SMILES: A Compact Chemical Notation

Updated 23 February 2026

SMILES is a linear ASCII-based notation that encodes molecular structures with explicit syntactic rules for atoms, bonds, branching, and stereochemistry, ensuring compact and unambiguous representations.
Its canonicalization and enumeration techniques allow both unique and randomized molecule encodings, which are critical for robust chemical modeling and enhanced machine learning performance.
SMILES-based models, from LSTMs to Transformer architectures, excel in property prediction and molecular translation, significantly impacting research in drug discovery and material science.

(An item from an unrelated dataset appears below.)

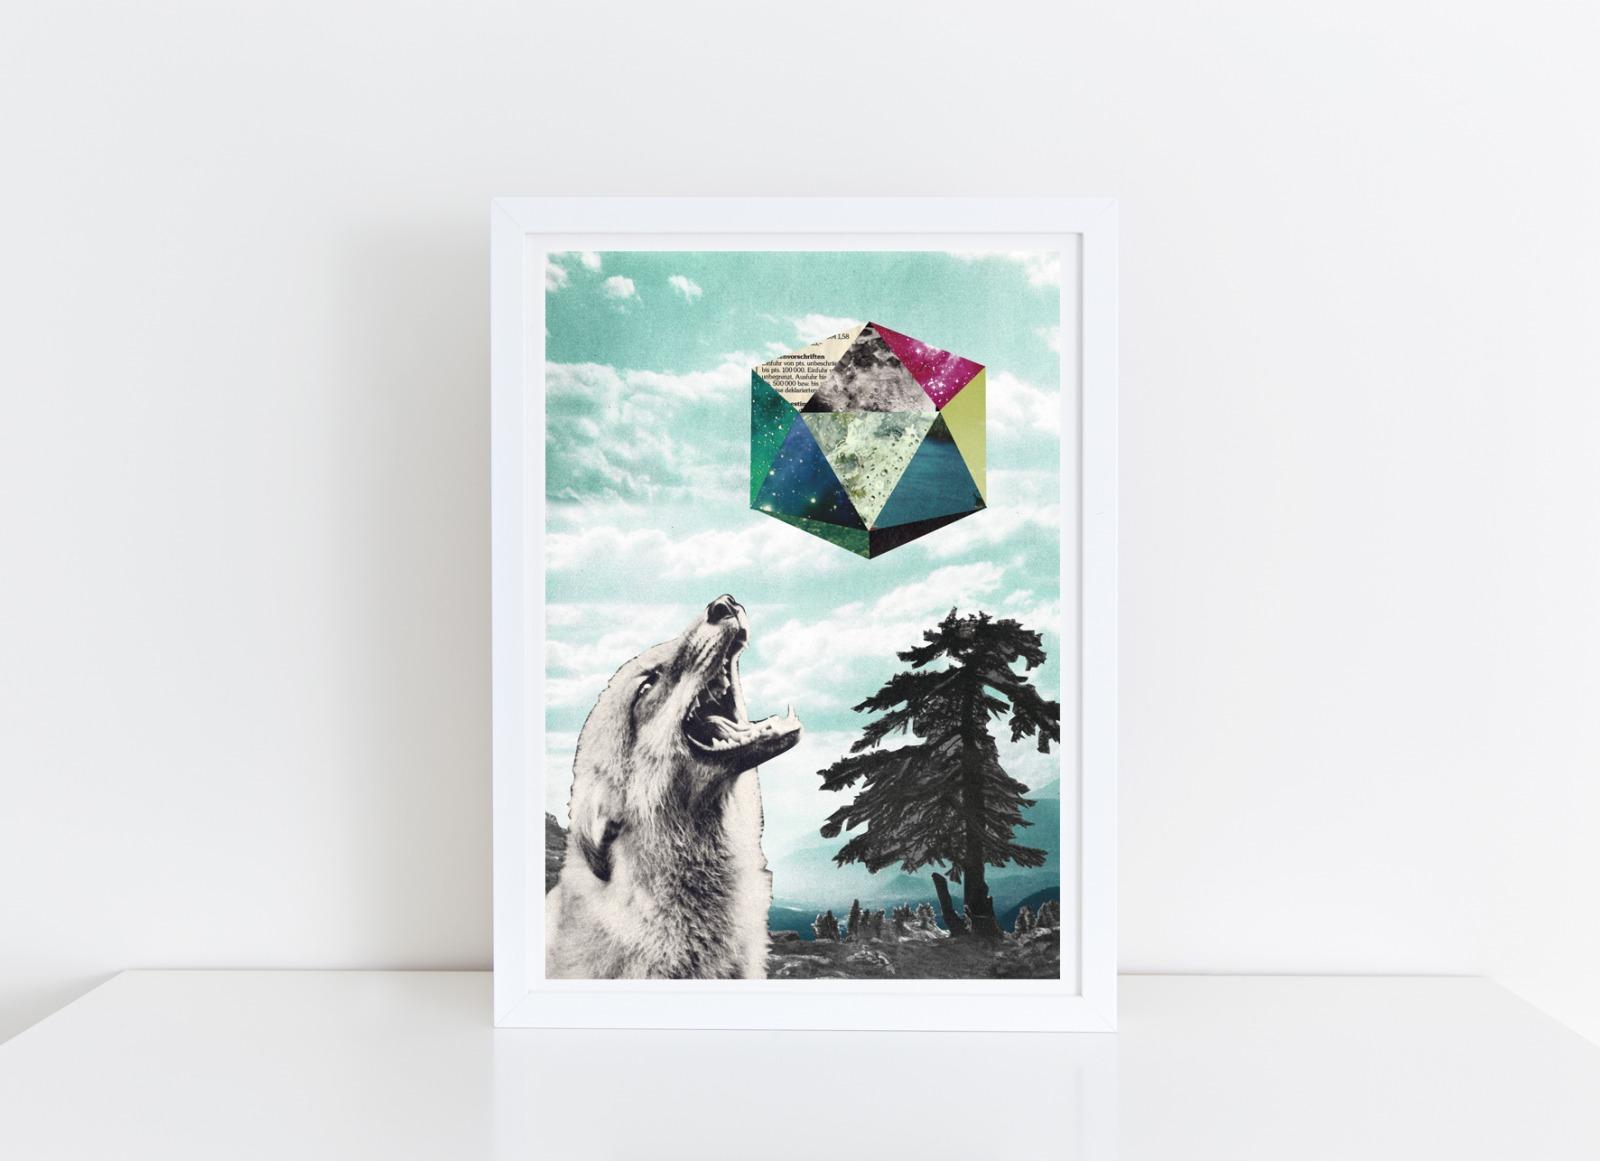 Mondsuechtig Collage Poster Kunstdruck A4

The Simplified Molecular Input Line Entry System (SMILES) is a linear, ASCII-based notation for representing the structures of chemical molecules as compact, human- and machine-readable character strings. SMILES encodes atoms, bonds, ring closures, branching, and stereochemistry according to formal grammar rules, enabling unambiguous conversion between molecular graphs and string representations. SMILES is foundational in computational chemistry, cheminformatics, and the chemical language modeling paradigm, supporting a wide range of applications from property prediction to generative molecular design.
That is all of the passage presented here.